I love Manny's expression of absolute concentration 
Looks as if he's getting an ear bashing from Molly in the first picture 
They are gorgeous though :001_wub:


----------



## JordanRose (Mar 10, 2012)

Soooo cute!! They look like cuddly teddy bears 

I love Manny's ginger ears and tail, and Molly's face is just so adorable- those amber eyes are beautiful! :001_wub:


----------



## Yourgifts Ourgifts (Apr 12, 2009)

Great photos..


----------



## colliemerles (Nov 2, 2007)

_lovely pictures, both Molly and Manny are gorgeous, big fluff balls, ,,:001_wub:,_


----------



## Jenny1966 (Feb 7, 2011)

Molly and Manny say thank you


----------



## Kyria (Oct 29, 2011)

They are so adorable and cuddly looking.


----------



## Jonescat (Feb 5, 2012)

Your cats are beginning to make me think again about Persians...I love your pix!


----------



## carly87 (Feb 11, 2011)

Jonescat, every household should have a Persian in it!
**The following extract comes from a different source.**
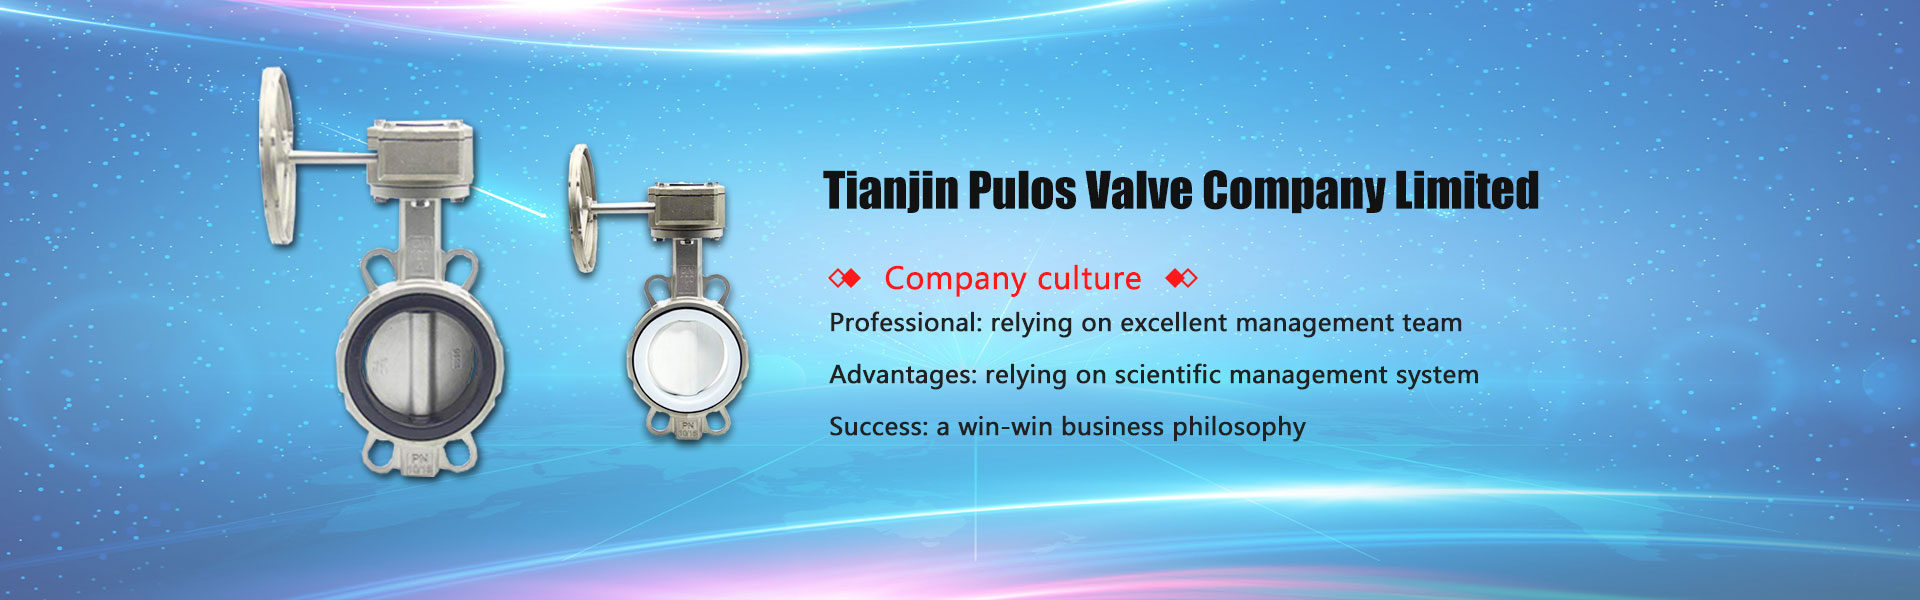 Tianjin Pulos Valve Company Limited

I couldn't be without Manny's mum and sister now, and find it hard to imagine life without a Persian on my lap when I come home from work.

Oh, Jenny, Manny might be getting some more extended family soon!


----------



## Jenny1966 (Feb 7, 2011)

carly87 said:


> Jonescat, every household should have a Persian in it! I couldn't be without Manny's mum and sister now, and find it hard to imagine life without a Persian on my lap when I come home from work.
> 
> Oh, Jenny, Manny might be getting some more extended family soon!


ooooooooooo I will e mail for news!!! I have a load of photos to send, to show how the little man is growing


----------



## Jonescat (Feb 5, 2012)

Something to think about next time there's a space....


----------



## Lunabuma (Dec 12, 2011)

The third pic is my favourite


----------



## Jenny1966 (Feb 7, 2011)

Lunabuma said:


> The third pic is my favourite


Mine too, but sshhh dont tell Manny


----------



## ukdave (May 26, 2011)

They are beautiful <3 <3  xx


----------



## Cats cats cats (Feb 4, 2011)

:001_tt1: :001_tt1: :001_tt1: :001_tt1: :001_tt1: :001_tt1: :001_tt1:


----------



## BespokePetSupplies (May 10, 2012)

They look so friendly and adorable


----------